# Handheld VHF



## Tarponator (Mar 17, 2009)

What would you guys suggest for a handheld marine vhf radio, will be taking it offshore some, but usually not more than 10 mile out.


----------



## Tarponator (Mar 17, 2009)

Mainly for skiff, but will also use it for back up on offshore boat, thanks again.


----------



## Dillusion (May 21, 2012)

I bought a cheapo $40 midland radio for emergencies. You can get them on eBay and amazon.


----------



## fsae99 (Apr 8, 2010)

Are you going offshore in your skiff? If so, then I'd recommend getting one with removable antenna so that you can make up extension.

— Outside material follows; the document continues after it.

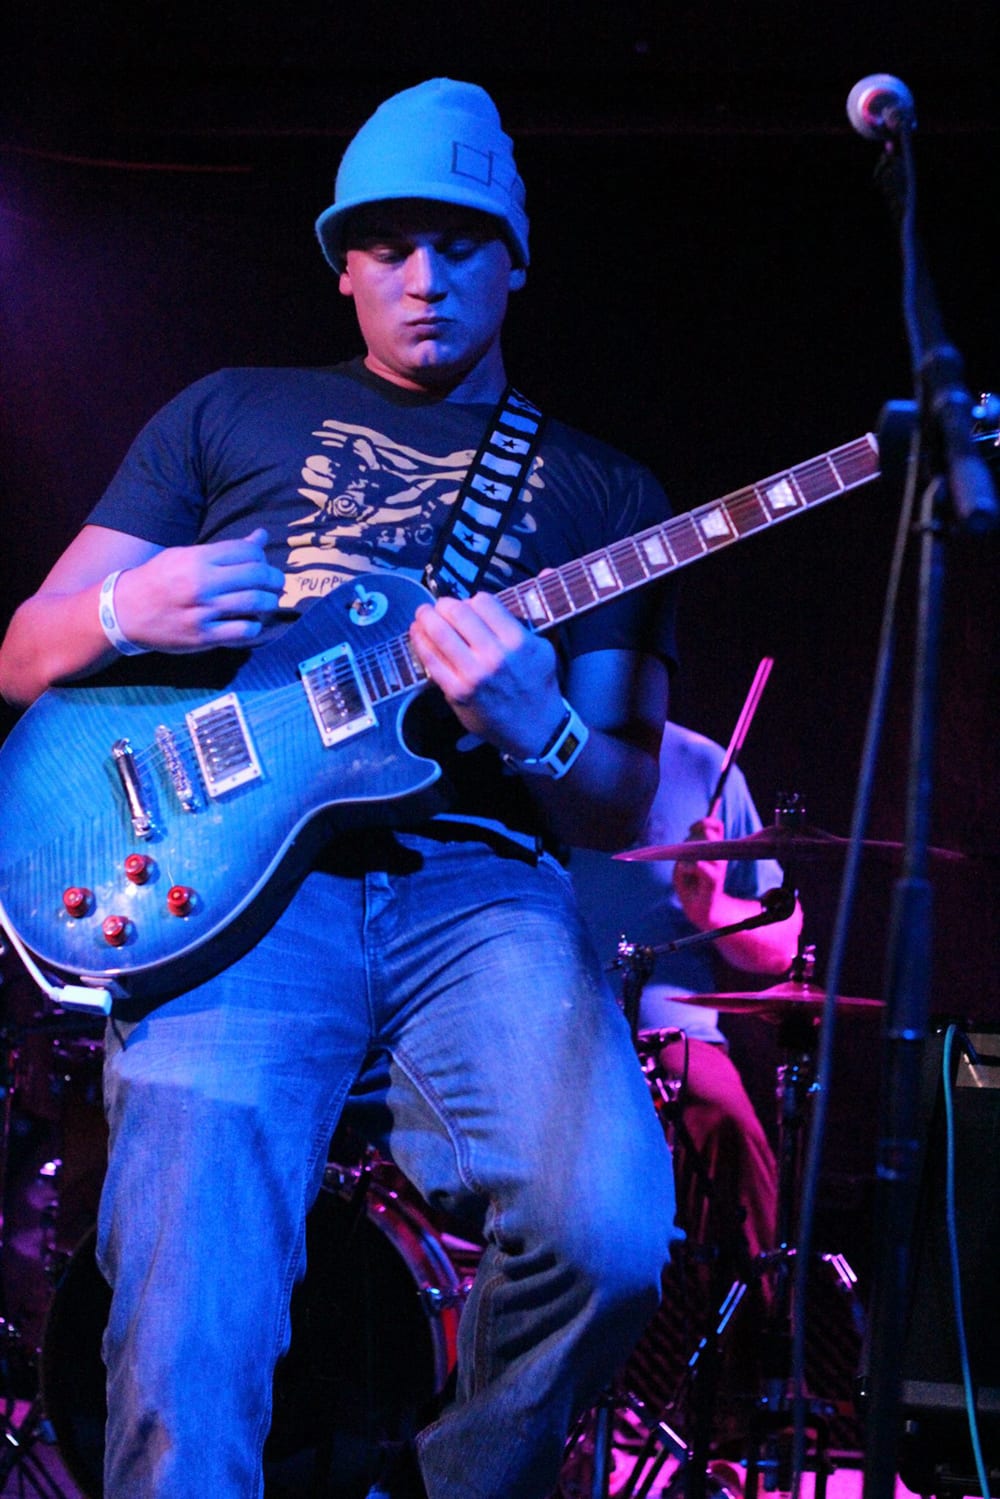 Adam playing guitar

Or test one in your area out to 10 miles and make sure you can hear CG.

Remember it is the height of the antenna that gives range.


----------



## contenderv07 (Jan 31, 2012)

yea I'm in the market for one too... We won't be going too far out


----------



## dawsonwl (Aug 3, 2010)

I am also looking for a portable option just in case my main battery dies on the boat, So who out there has a handheld radio, what model/make is the best? anything we should stay away from?


----------



## cutrunner (Jun 8, 2010)

Imo this is something you dont wanna cheap out on.
Spend $200 for a good icom


----------



## fsae99 (Apr 8, 2010)

Standard Horizon HX 851


----------



## dawsonwl (Aug 3, 2010)

I have heard good things about these 2 brands:
Standard Horizon
Icom


----------